Under a race statute, B prevails over A, and B owns Blackacre.
o Protects a subsequent purchaser only if the subsequent purchaser records
first
Notice Statute
o Developed from judicial decisions interpreting race statutes
o Some courts held that if a subsequent purchaser had notice of a prior unrecorded
instrument, the purchaser could not prevail over the prior grantee, for such would
work a fraud on the prior grantee.
o Notice statute protects a subsequent purchaser against prior unrecorded
instruments even though the subsequent purchaser fails to record
o Example: O, owner of Blackacre, conveys Blackacre to A, who does not record
the deed. O subsequently conveys Blackacre to B for a valuable
consideration. B actually knows of the deed to A. B records the deed from O to B.
If B has notice of a prior grantee, a notice statute would be applicable. Therefore,
B would not prevail over A because B would have notice of A’s prior deed.
o protects subsequent purchasers without notice
o protects a subsequent purchaser against prior unrecorded instruments even though
the subsequent purchaser fails to record
o Example: O, owner of Blackacre, conveys Blackacre to A, who does not record
the deed. O subsequently conveys Blackacre to B for a valuable
consideration. B has no knowledge of A’s deed. Under a notice statute, B prevails
over A even though B does not record the deed from O to B.
o Virtue of a notice statute is its fairness as between two conflicting claimants
o Whether the subsequent purchaser has notice depends on facts not on record
o Notice statutes are less efficient than race statutes
o Example 3, for instance, suppose that, after the conveyance to B and before B
records, A records his deed. Thereafter C desires to purchase from B. C, searching
title, would find A’s deed on record, and C then would have to ascertain from
facts off the record whether B had notice of A’s deed. If B did not have notice, B
prevails over A, and C can buy from B and then, standing in B’s shoes, prevail
over A.
Race-notice statute
o A subsequent purchaser is protected against prior unrecorded instruments only if
the subsequent purchaser (1) is without notice of the prior instrument and (2)
records before the prior instrument is record.

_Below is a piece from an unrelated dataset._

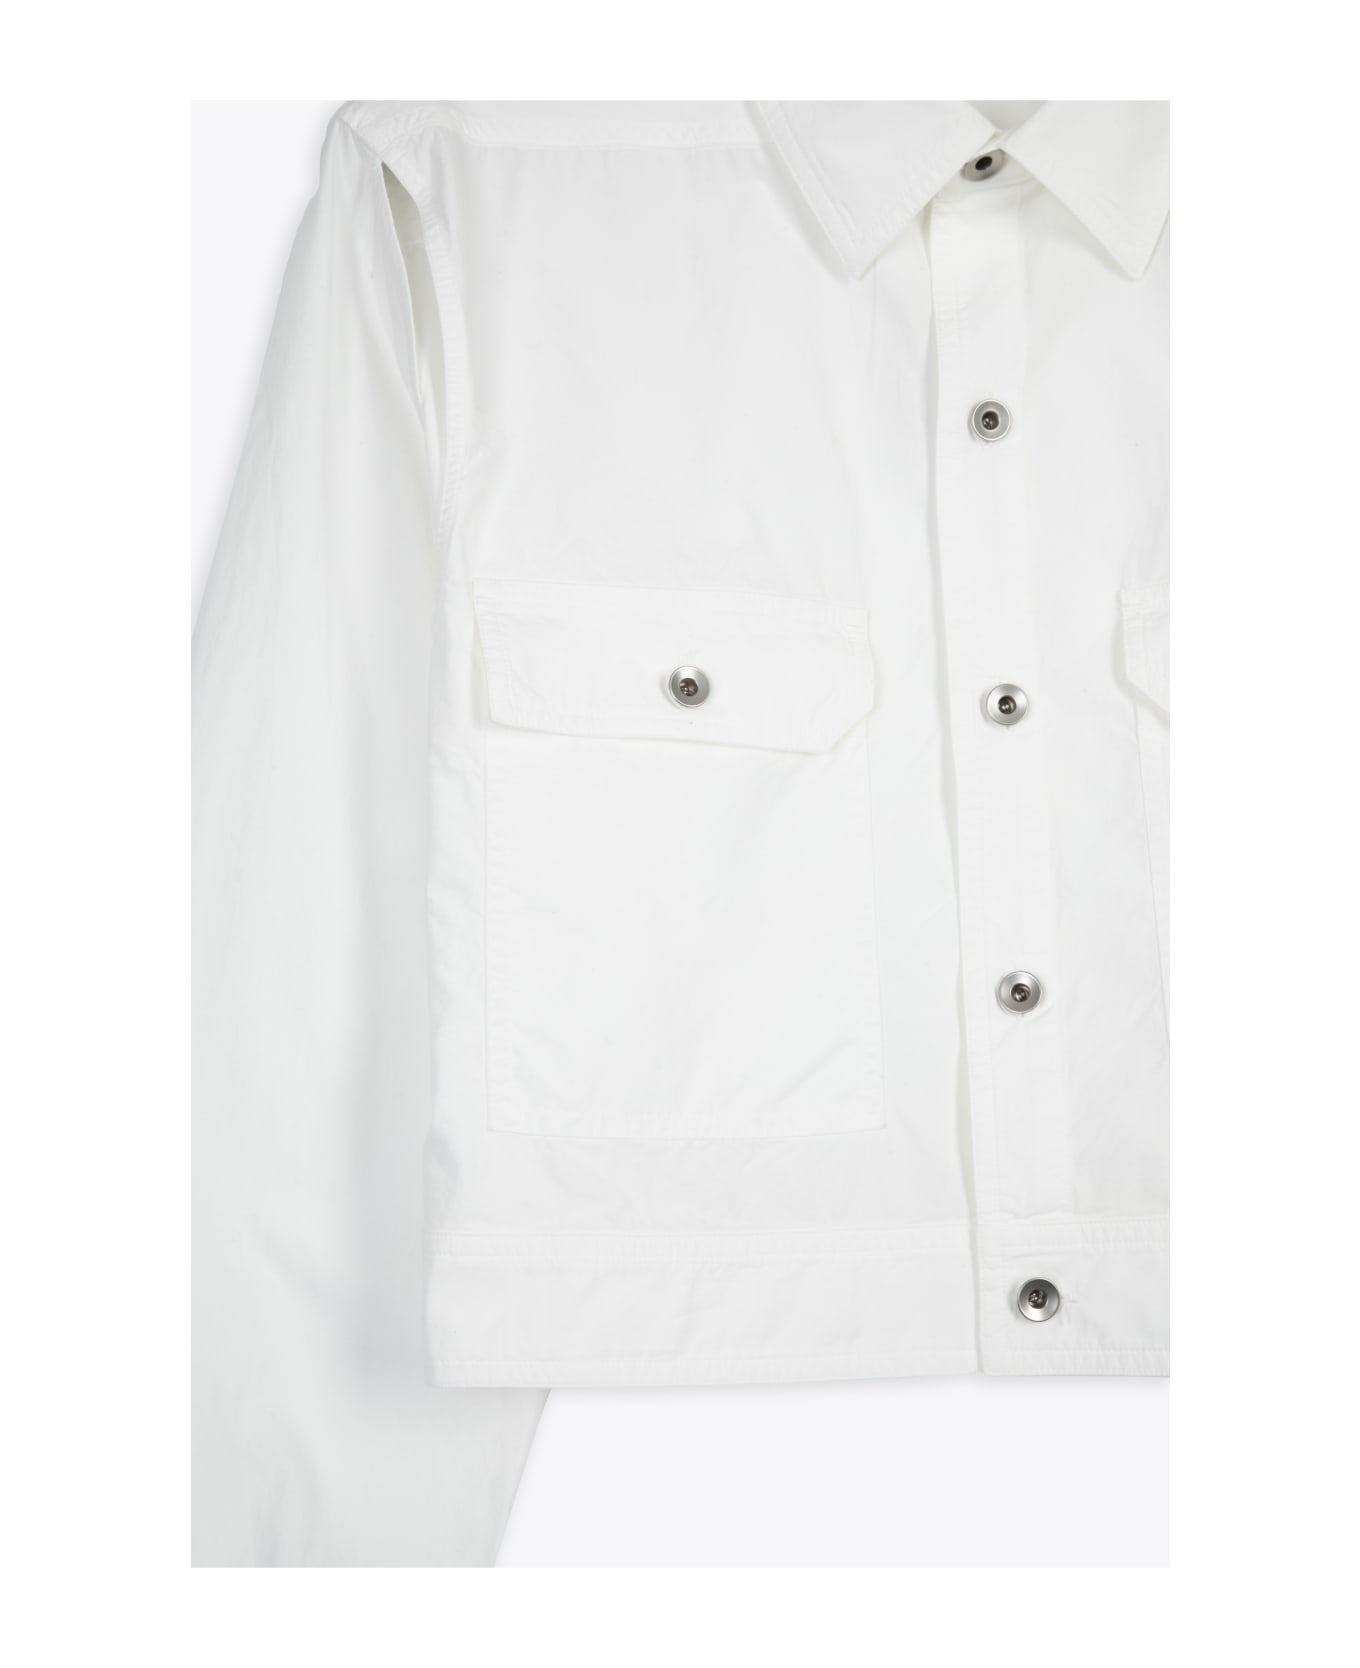 DRKSHDW Cape Sleeve Cropped Outershirt White Poplin Cotton Outershirt - Cape Sleeve Cropped Outershirt - White ジャケット

o Incorporates feature of both a notice statute and a race statute
o Example 4. O, owner of Blackacre, conveys Blackacre to A, who does not record
the deed. O subsequently conveys Blackacre to B, who does not know of A’s
deed. Then A records. Then B records. A prevails over B because, even though B
had no notice of A’s deed, B did not record before A did.
o Tends to eliminate lawsuits turning on extrinsic evidence about which deed was
delivered first
o race-notice statute is preferable because, by punishing nonrecording, it provides
motivation to record, making the public records complete.